Acute optic neuritis is diagnosed through a combination of the patient’s medical history, a thorough ophthalmologic exam with tests like the swinging flashlight test and color vision testing, and specialized imaging like an MRI of the brain and orbits. Key findings include subacute vision loss, often with pain on eye movement, a relative afferent pupillary defect (RAPD) or Marcus Gunn pupil, reduced color vision, and central visual field defects. The MRI is crucial for detecting optic nerve inflammation and brain lesions associated with Multiple Sclerosis (MS), helping to confirm the diagnosis and assess the risk for other conditions. 

Prognosis

The prognosis for acute optic neuritis is generally good, with most people experiencing partial or full vision recovery within weeks to months, though some may have persistent visual issues like reduced color vision or contrast sensitivity.
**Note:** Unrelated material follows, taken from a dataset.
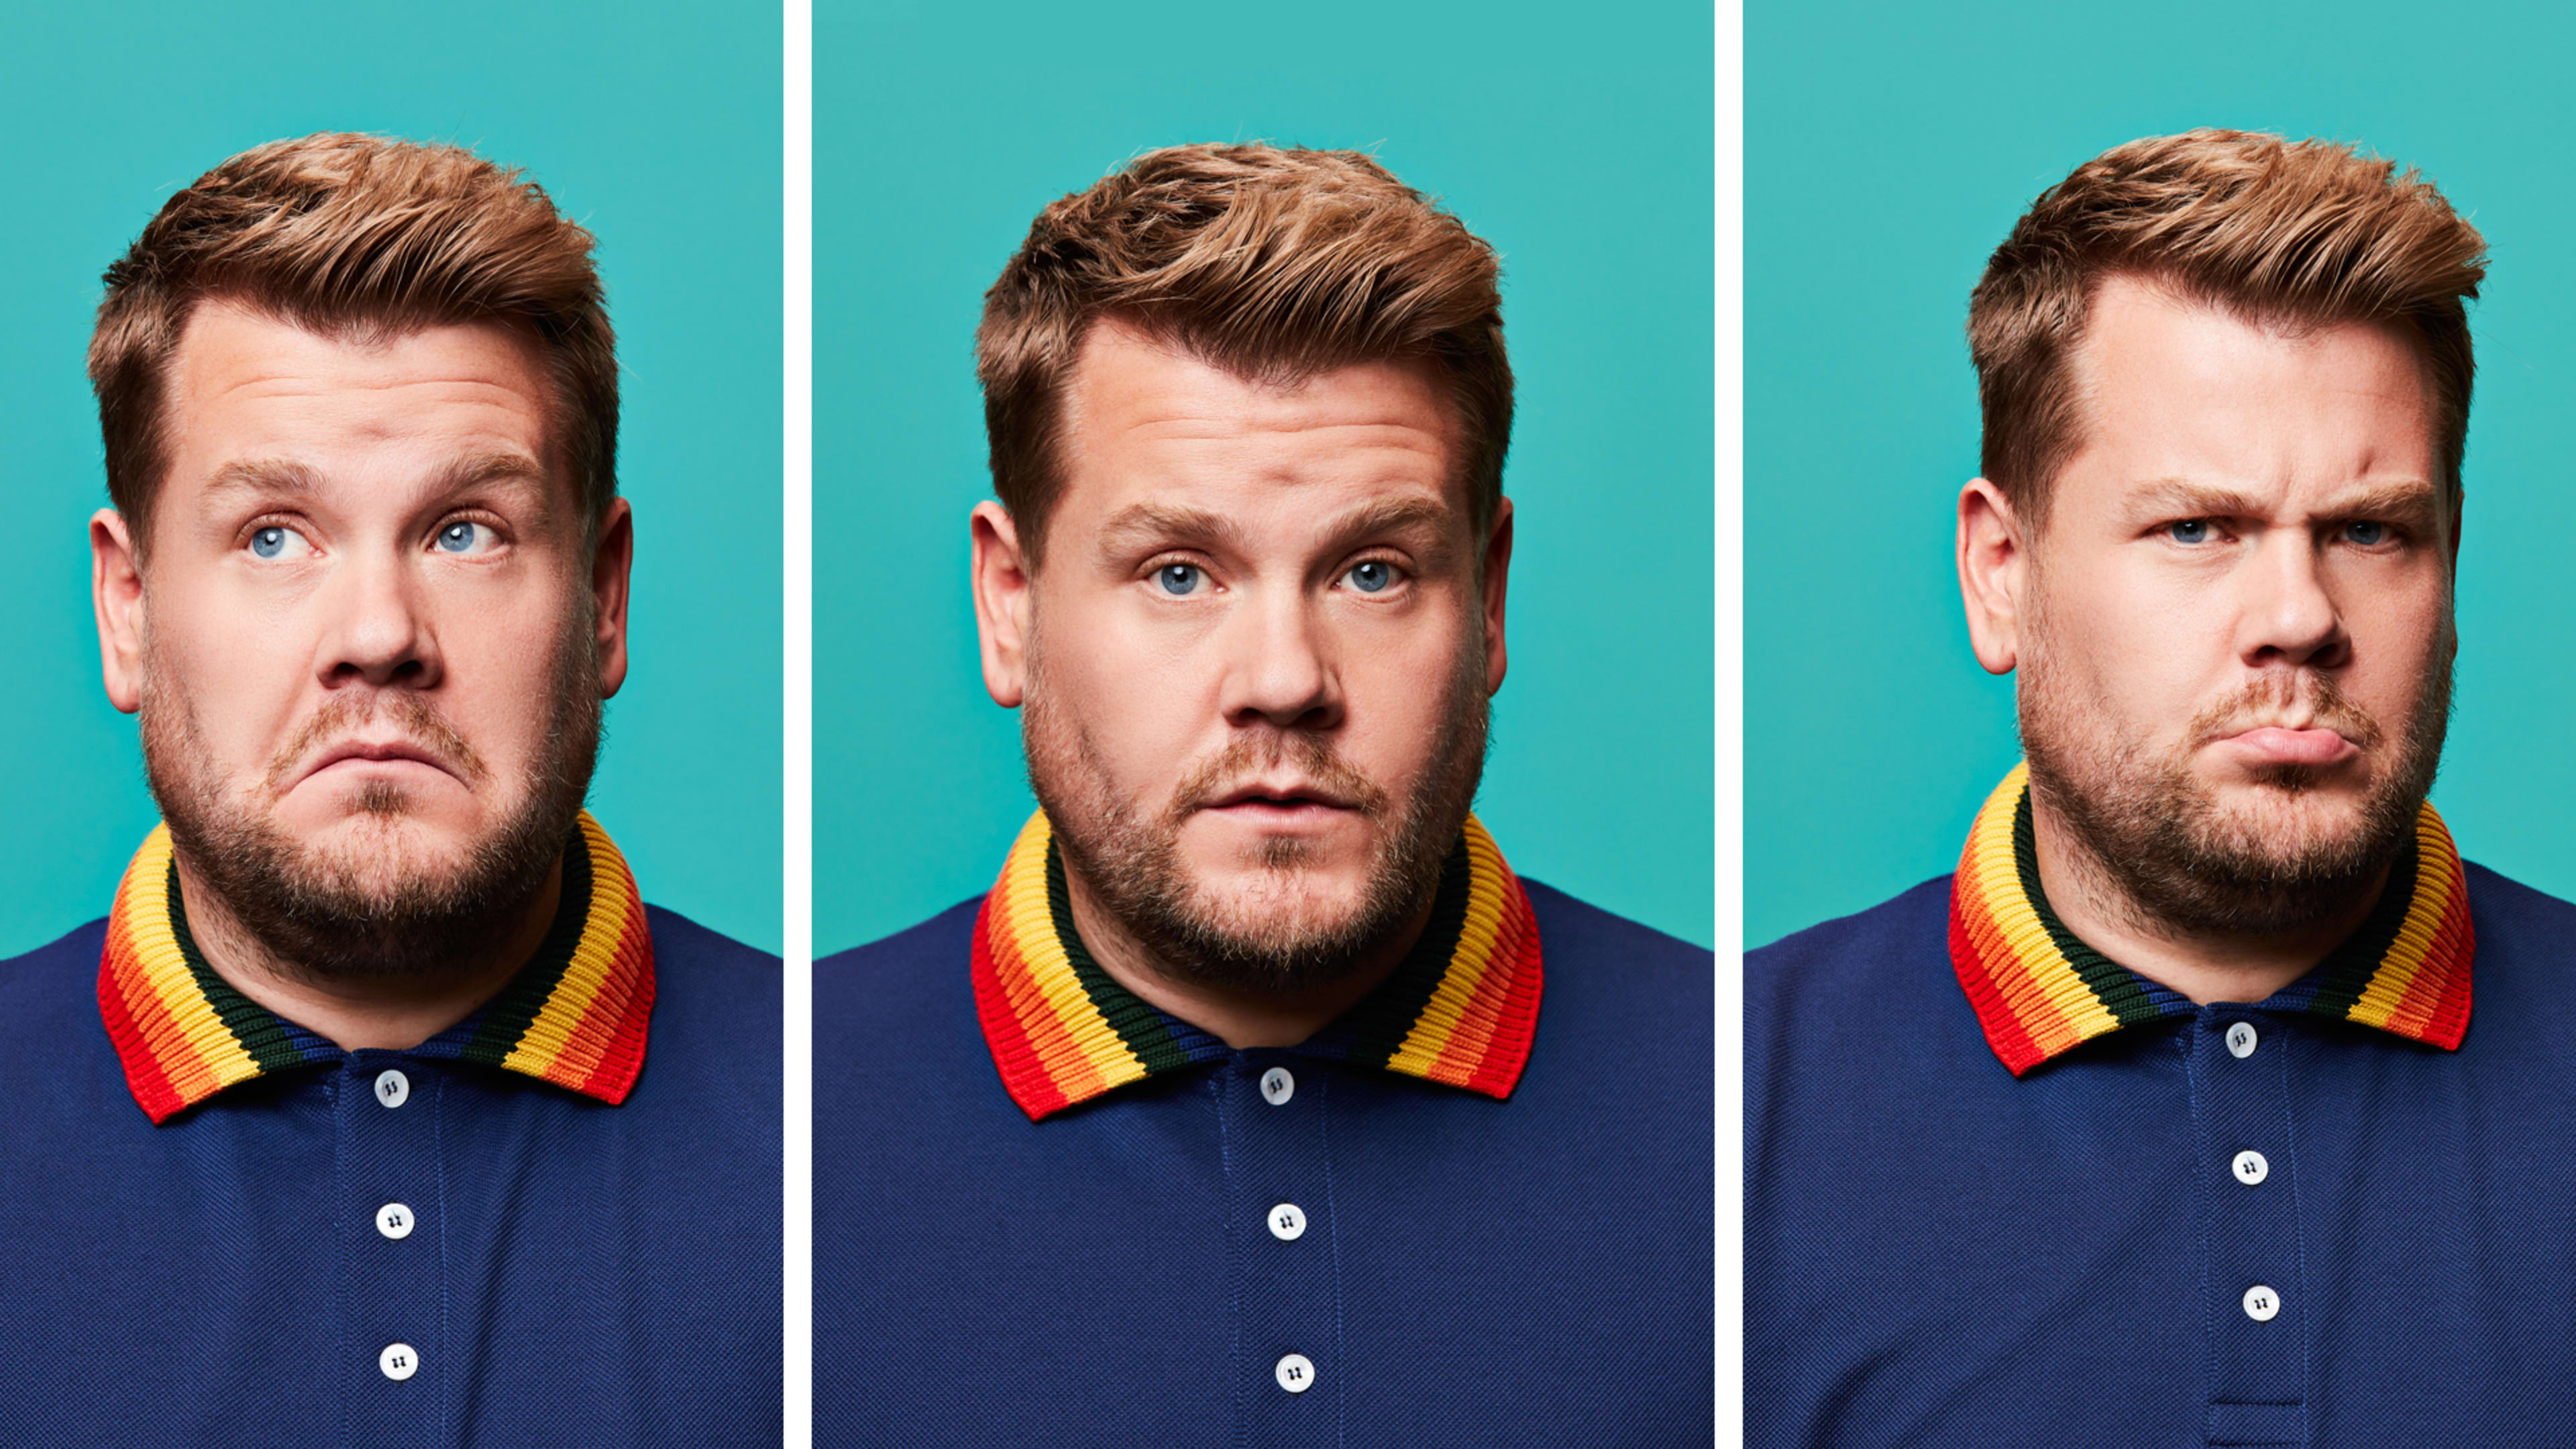 James Corden Lives In The Moment. Here’s How

Recovery is often faster and the risk of developing multiple sclerosis (MS) or other neurological conditions depends on factors like the specific type of optic neuritis and whether treatment is given. 

Treatment

Acute optic neuritis is treated with high-dose intravenous corticosteroids (like methylprednisolone) followed by an oral prednisone taper, which speeds visual recovery but doesn’t change the long-term visual prognosis, and is more effective for those with severe symptoms or MS lesions on an MRI scan. Other treatments depend on the cause; for severe cases unresponsive to steroids, plasma exchange (PLEX) may be used, while MS or autoimmune conditions like MOGAD or NMOSD may require disease-modifying therapies. Some cases, especially if symptoms are mild, may improve on their own with watchful waiting.